This "feature" comes that my app runs not as admin.
Read the comments to UAC.
This happens only to Win7 and Vista. Not on XP.
regards
I've built a winforms app (C#) that will take a list of file paths, and copy those files (from a different VS solution) to a new location (In a folder the user specifies) in the same directory structure they currently exist on local file system.
I use the Path class, Directory class etc and everything works wonderfully...except when it reaches a file path that points to a DLL.
The DLLs I am trying to copy are a part of the other solution, and that solution is not currently open.
I have tried restarting computer to make sure visual studio isn't somehow hooking into that DLL even after the solution is closed.
The DLL in question can be copied by regular manual means (i.e. copy and paste shortcut).
So short of creating a batch file in the program, and running xcopy on that DLL path, I don't know of a way to get this to work.
From what I have found from google searches (which isn't much on this particular situation), File.Copy() should work..
Any help would be wonderful, even if it is a link to a duplicate question I may have over looked.
Thanks!
-The error message is: The process cannot access the file [insert file path] because it is being used by another process (The path is definitely correct also)

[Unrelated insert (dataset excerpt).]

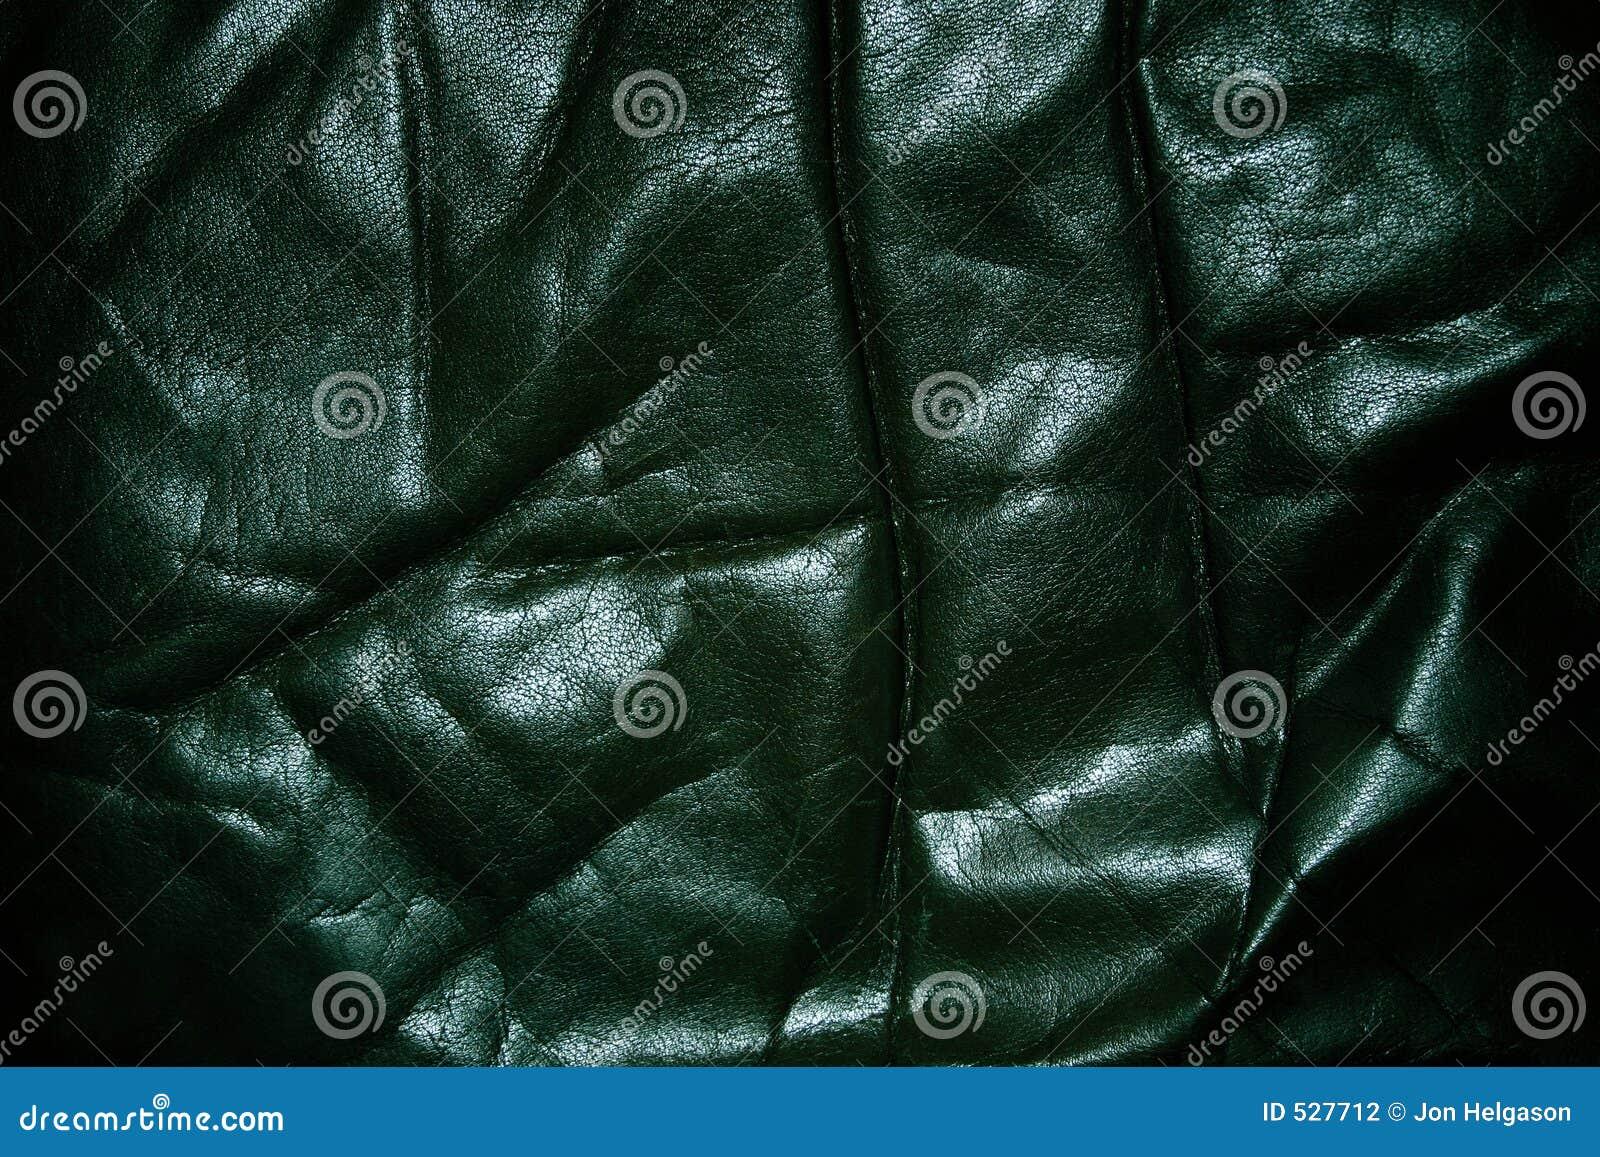 Download 起皱纹的黑色皮革老 库存照片. 图片 包括有 黑暗, 映射, 模式, 皮革, 原稿, 商业, 推车, 爆沸, 敌意 - 527712

-Just downloaded and tried to search for the DLL name with Process Explorer.. I also ran a similar exe from command prompt to no avail. It claims nothing is using it. That's why I am utterly baffled by this. Also, I just checked the permissions and everything looks great (i.e. Full Control, owner effective permissions)
-It does not handle open files. It basically build the correct src and dest paths and does a File.Copy() on those. How would I go about handling open files? I'm sure I could figure out if it was open, but what would I do it it were open?
It is not complaining about the file you're trying to copy, it is complaining about the file that you're trying to overwrite with the copy. Lots of candidates for that, virus scanners always get very excited about new DLLs, for example. Or it is loaded into a process, the typical failure mode for trying to implement your own auto-updater.
You can rename the target file to make your copy succeed.
Are you in vista or win7? If so, Check your 'User Account Control Settings'. Sometimes this can interfere with .NET security options and prevent file operations that would otherwise work.
As well as Process Explorer, I would use Process Monitor also from Microsoft so you can see what is happening at the point of failure and allows you to see if anything else is accessing the dll.
Possible culprits are
the program you are running,
your antivirus package
a virus.
If the path it is complaining about is the destination path, then is is possible that the path is too long?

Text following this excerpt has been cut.